The patients were divided into two categories based on KRAS status. For the overall clinical features, no obvious baseline differences were observed between the two cohorts (the details are displayed in and ).

Table 2

Patient treatments and pathological characteristics.
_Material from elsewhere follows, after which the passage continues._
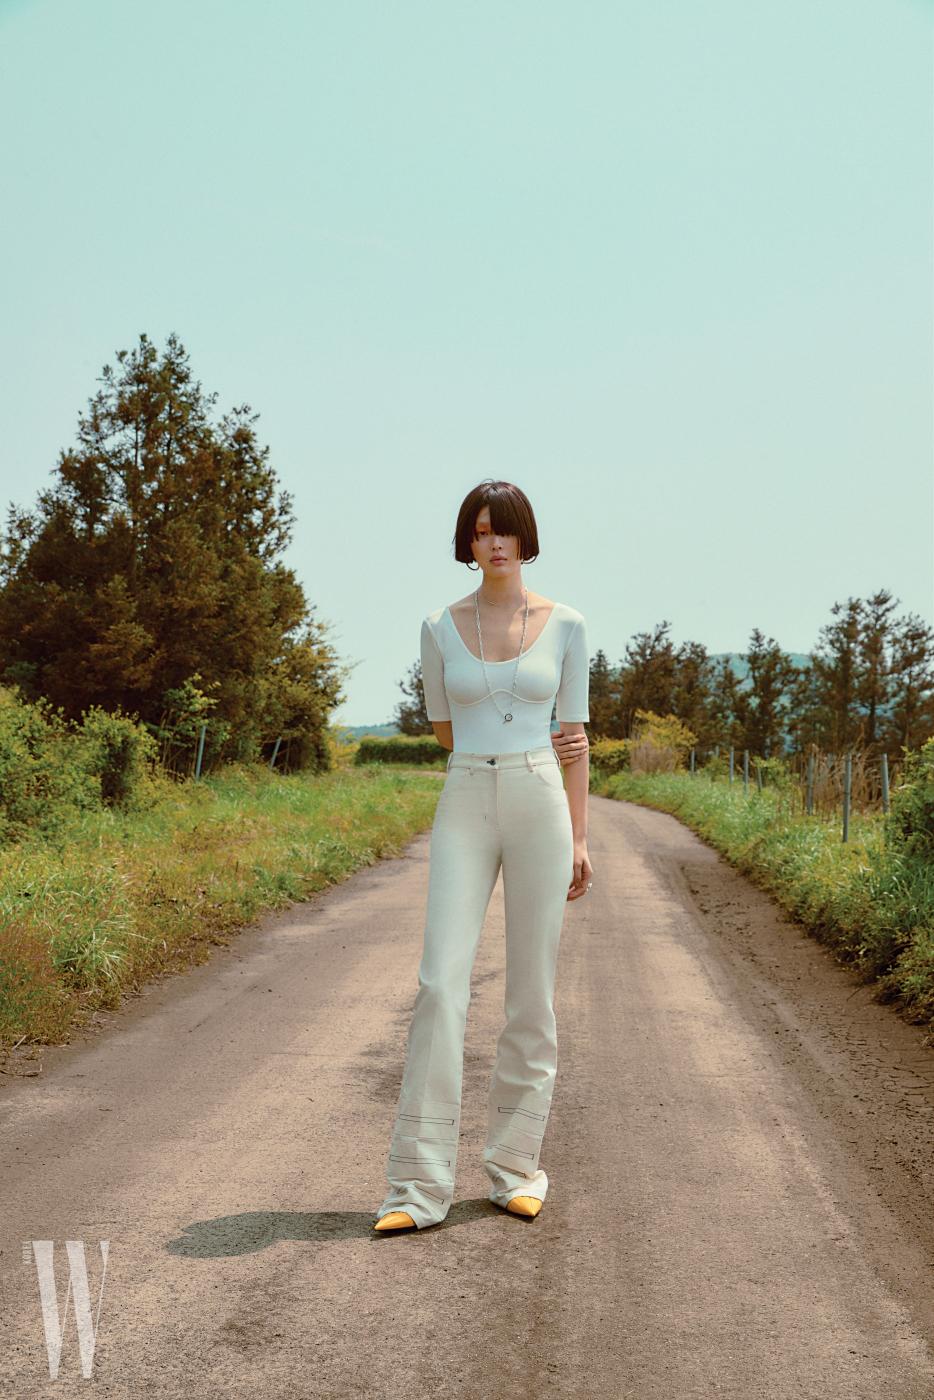 화이트 보디슈트는 H&M, 팬츠, 실버 체인 목걸이는 Hermes, 골드 목걸이는 Numbering, 귀고리는 Laura Lombardi by Net-aPorter, 슈즈는 Balenciaga 제품.

	Overall	KRAS-wild	KRAS-mut	P-value
Watch and wait (W&W) (%)				0.019
non-W&W	76 (91.6)	35 (83.3)	41 (100.0)
W&W	7 (8.4)	7 (16.7)	0 (0.0)
Neoadjuvant chemoradiation therapy (NCRT) (%)				0.41
non-NCRT	7 (8.4)	2 (4.8)	5 (12.2)
NCRT	76 (91.6)	40 (95.2)	36 (87.8)
Surgery type (%)				0.024
APR	27 (32.5)	10 (23.8)	17 (41.5)
palliative colon stoma	1 (1.2)	0 (0.0)	1 (2.4)
Hartmann	7 (8.4)	5 (11.9)	2 (4.9)
LAR	35 (42.2)	15 (35.7)	20 (48.8)
trans-anal surgery	1 (1.2)	1 (2.4)	0 (0.0)
W&W	7 (8.4)	7 (16.7)	0 (0.0)
no surgery	5 (6.0)	4 (9.5)	1 (2.4)
Tumor type (%)				0.485
adenocarcinoma	81 (97.6)	40 (95.2)	41 (100.0)
mucinous adenocarcinoma	2 (2.4)	2 (4.8)	0 (0.0)
Differentiation (%)				0.015
moderate	40 (48.2)	21 (50.0)	19 (46.3)
poor	15 (18.1)	4 (9.5)	11 (26.8)
unknown	21 (25.3)	10 (23.8)	11 (26.8)
W&W	7 (8.4)	7 (16.7)	0 (0.0)
ypT stage (%)				0.03
ypT0	7 (8.4)	1 (2.4)	6 (14.6)
ypT1	1 (1.2)	0 (0.0)	1 (2.4)
ypT2	12 (14.5)	7 (16.7)	5 (12.2)
ypT3	47 (56.6)	21 (50.0)	26 (63.4)
ypT4	1 (1.2)	1 (2.4)	0 (0.0)
unknown	8 (9.6)	5 (11.9)	3 (7.3)
W&W	7 (8.4)	7 (16.7)	0 (0.0)
ypN stage (%)				0.025
ypN0	33 (39.8)	12 (28.6)	21 (51.2)
ypN1	26 (31.3)	12 (28.6)	14 (34.1)
ypN2	8 (9.6)	5 (11.9)	3 (7.3)
unknown	9 (10.8)	6 (14.3)	3 (7.3)
W&W	7 (8.4)	7 (16.7)	0 (0.0)
ypTNM stage (%)				0.018
yp0	7 (8.4)	1 (2.4)	6 (14.6)
ypI	4 (4.8)	1 (2.4)	3 (7.3)
ypII	21 (25.3)	9 (21.4)	12 (29.3)
ypIII	34 (41.0)	17 (40.5)	17 (41.5)
unknown	10 (12.0)	7 (16.7)	3 (7.3)
W&W	7 (8.4)	7 (16.7)	0 (0.0)

MR Radiomic Analysis

After regression, one radiomic predictor was selected from 253 texture features. This feature is listed in . presents the tuning parameter (λ) and the coefficient of LASSO regression. presents the distribution of the selected parameter, X.LL_scaled_std, which is the standard deviation value of the scaled wavelet-transformed low-pass channel filter.

Table 3

Radiomics feature.

Feature	Coefficient
Intercept	-1.81132414
X.LL_scaled_std	0.04361241

Figure 2

(A) Text features were selected by the LASSO regression model. The performance of the radiomics signature was assessed by the ROC curve and C-index. Tuning parameter (λ) selection used ten-fold cross-validation via the minimum criteria. The optimal value was calculated by the minimum criteria and the 1-standard error of the minimum criteria (the 1-SE criteria). A λ of 0.1782 with log(λ) - 1.75562 was chosen. (B) A LASSO coefficient profile plot was produced against the log(λ) sequence. In addition, one radiomics feature was selected.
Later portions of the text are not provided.